16 of 23 people found the following review helpful
4.0 out of 5 stars My Review, Nov 17 2008
By Ryan Vance - Published on Amazon.com
This review is from: The Communist Manifesto: Complete with Seven Rarely Published Prefaces (Paperback)
I wanted to read this book for a couple of reasons. One is that I wanted to get a better understanding of communism and other economic and political theories that were influenced by it or related to it in someway. I also wanted to compare the modern United States and it's history to The Communist Manifesto. I think everyone in the U.S. should read it. It is not very long and is easy to read. I was very pleased with amazon.com the price was perfect and it got to me in a timely manner. ***(I am not a communist but I gave it four stars because it helped me to better understand my own government and I was happy with Amazon.com as usual.)***

1.0 out of 5 stars Book is not as advertised, May 17 2012
By Arilitt "Chris Skabla" - Published on Amazon.com
Amazon Verified Purchase(What's this?)
This review is from: The Communist Manifesto (Paperback)
It is claimed that this edition of The Communist Manifesto has this:
"The seven rarely published prefaces, mostly written by Frederick Engels after the death of Karl Marx, are included making this publication the complete communist manifesto."
This edition of the Manifesto has ZERO prefaces. It contains The Manifesto only in large print. I would suggest finding a different version of The Communist Manifesto. I have not read the text of this edition so I do not know if the text is good, but I have another copy of it in my collection. I bought it strictly for the seven rarely published prefaces. Very Disappointing

9 of 14 people found the following review helpful
3.0 out of 5 stars Another brand of utopian socialism, Feb 6 2010
By Ashtar Command "Seeker" - Published on Amazon.com
This review is from: The Communist Manifesto: Complete with Seven Rarely Published Prefaces (Paperback)
"The Communist Manifesto" by Karl Marx and Friedrich Engels was originally published in 1848. Today, the Manifesto is considered to be one of the foundational texts of Marxism. Nominally, the Manifesto was the program of a small revolutionary group in Germany, known as the Communist League. In reality, it's not really a "program" in the strict sense of that term, but rather a summary of Marxist theory. It deals with the development of capitalism, the inevitability of socialism, and the differences between Marxism and other forms of socialism current at the time. It's still the best introduction to Marxist thought. It's also much shorter than "Anti-Dühring", "The Poverty of Philosophy", and other important texts by Marx or Engels. Not to mention "Das Kapital"!

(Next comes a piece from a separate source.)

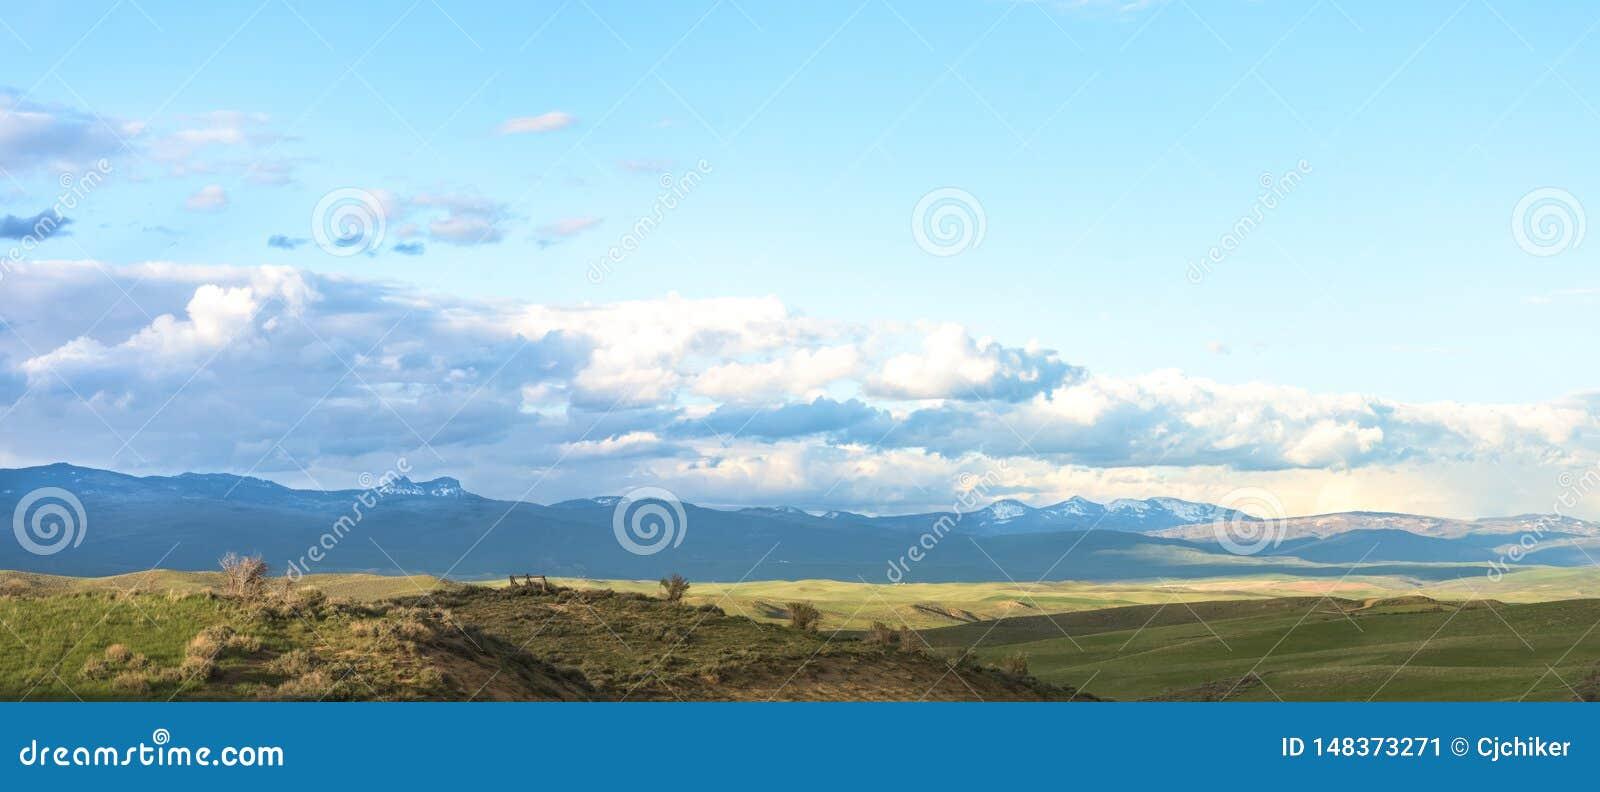 Svart berglandskap

What are we to make of "The Communist Manifesto" 160 years later? The present reviewer, while not an uncritical supporter of capitalism, nevertheless believes that history has proven Marxism wrong.

[SOME FAILED PREDICTIONS OF LESSER IMPORTANCE]

In the Manifesto, Marx and Engels predict that Western Europe and North America, i.e. the advanced industrialized nations, will turn socialist before the rest of the world. In reality, the opposite happened: Russia was the first nation where a successful socialist revolution was carried out, and that nation was relatively backward. China, Vietnam, Cuba or Cambodia were even more backward. So was Albania. Still, I don't see this objection as particularly important. In his famous correspondence with Vera Zasulich, Marx did predict a revolution in Russia ahead of Western Europe and North America. At the time, Russia was more backward than during the time of Lenin! True, Marx did believe that such a revolution would ultimately fail, unless aided by revolutions in Western Europe. But then, that was Lenin's position as well.

Further, the Manifesto describes a future situation in which the working class is completely impoverished, a small group of capitalists own virtually all of the economy in the form of monopolistic cartels, while the middle strata and the petty bourgeoisie have all but disappeared. Thus, there are essentially only two classes facing each other. The revolution becomes a fact when the great mass of poor workers overthrows the small gang of rich capitalists.

This simple class structure doesn't exist anywhere in the world. True, the working class has become larger at the global level, but so have the middle classes and even the lumpenproletariat. This is the situation in India, China, Brazil and similar nations. In the Western nations, on the other hand, the working class have been shrinking in size. These nations are dominated by a vast middle class. Marx and Engels were right about the monopolistic cartels, but it should be noted that ownership of these cartels is a criss-crossing network of everything from capitalists and state institutions to middle class shareholders. Thus, the class structure both globally and in the West presents a more complicated picture than that imagined by the Manifesto.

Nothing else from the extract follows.